• WHAT IS EXPECTED:
Find the line with "748 best laundry room ideas images on pinterest laundry room 748" in the entries below, then output every line from it down to the line with "Wallpaper download eid", exactly and with no pictures.

───── DATA FOR THIS EXERCISE ─────

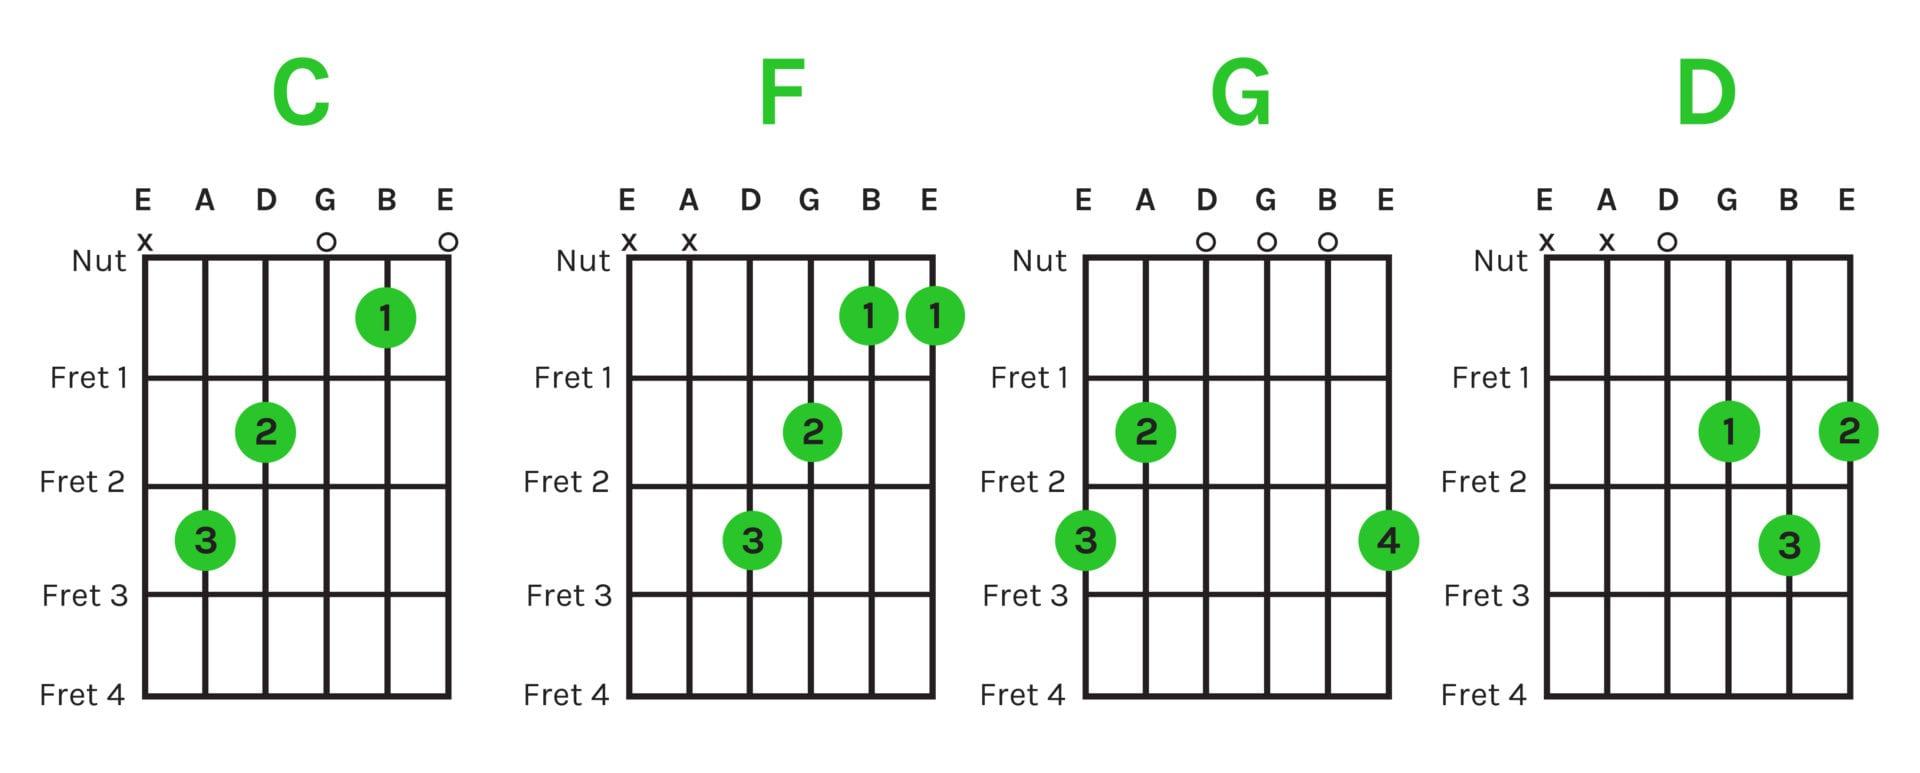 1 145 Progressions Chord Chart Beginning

─────
───── DATA FOR THIS EXERCISE ─────

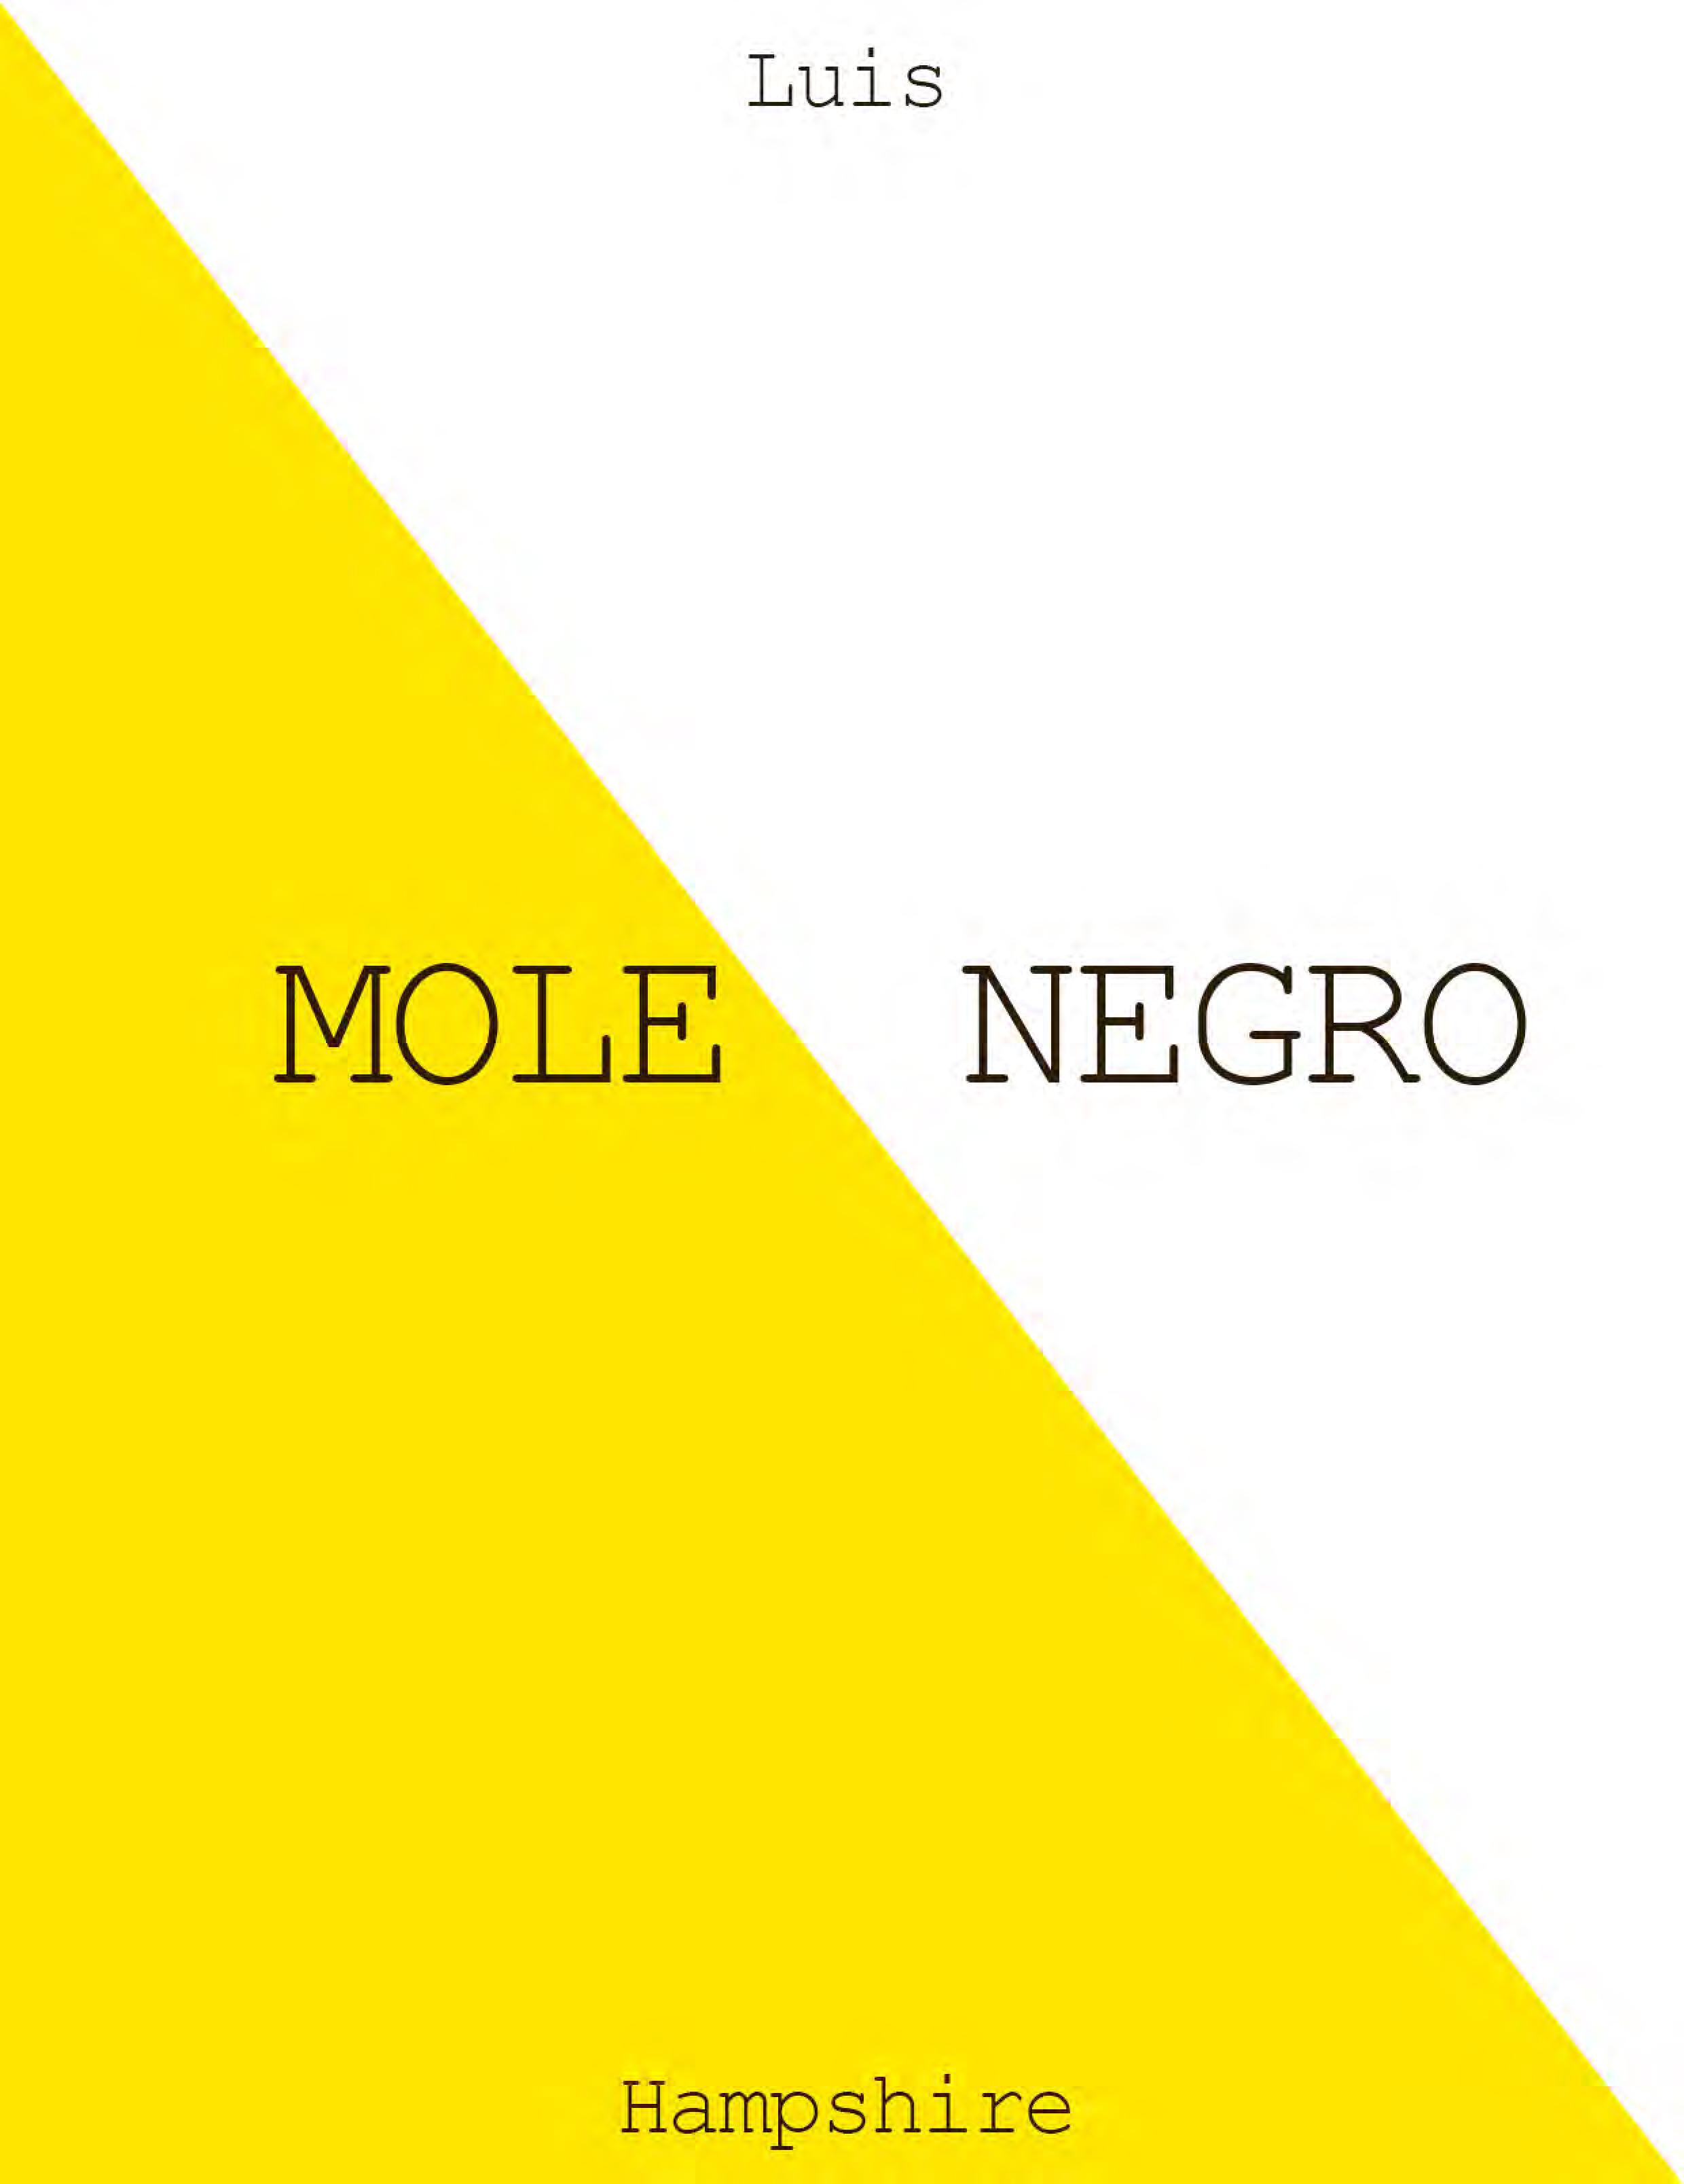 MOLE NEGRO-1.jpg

─────
───── DATA FOR THIS EXERCISE ─────

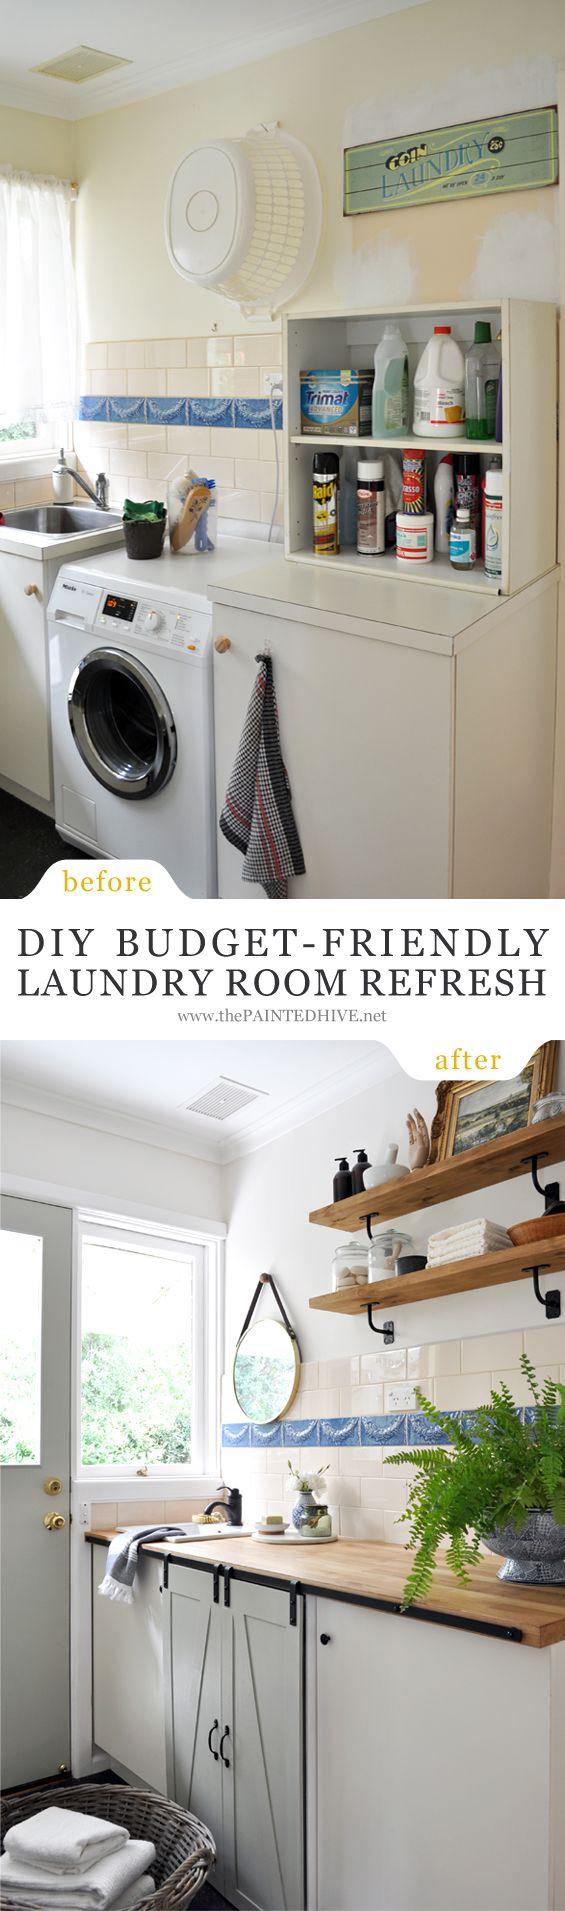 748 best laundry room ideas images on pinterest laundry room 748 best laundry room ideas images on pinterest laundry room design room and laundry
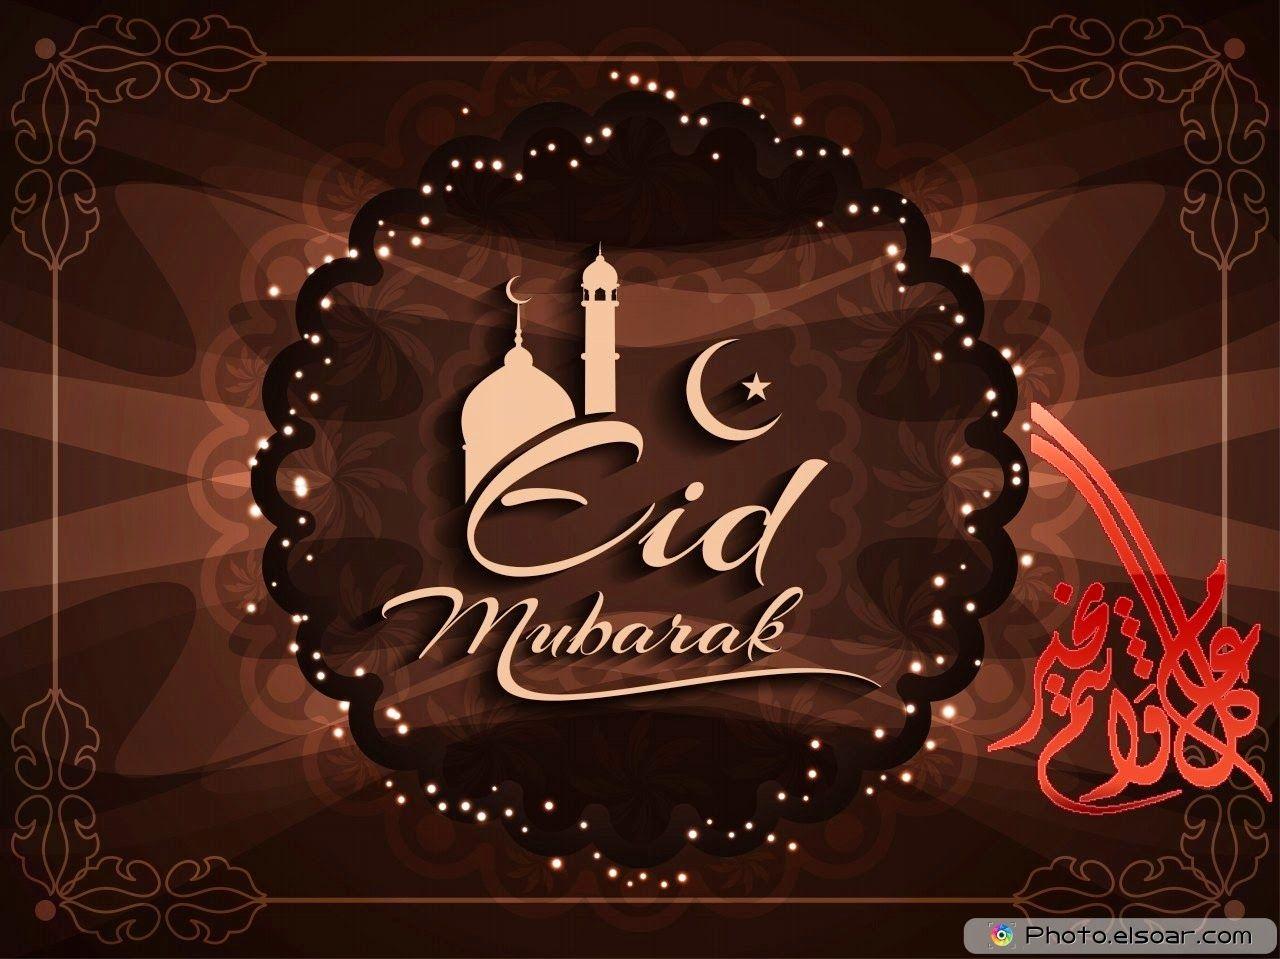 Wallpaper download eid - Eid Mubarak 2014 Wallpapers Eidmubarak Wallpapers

─────

• THE COMPLETED TASK:
 748 best laundry room ideas images on pinterest laundry room 748 best laundry room ideas images on pinterest laundry room design room and laundry
 Wallpaper download eid - Eid Mubarak 2014 Wallpapers Eidmubarak Wallpapers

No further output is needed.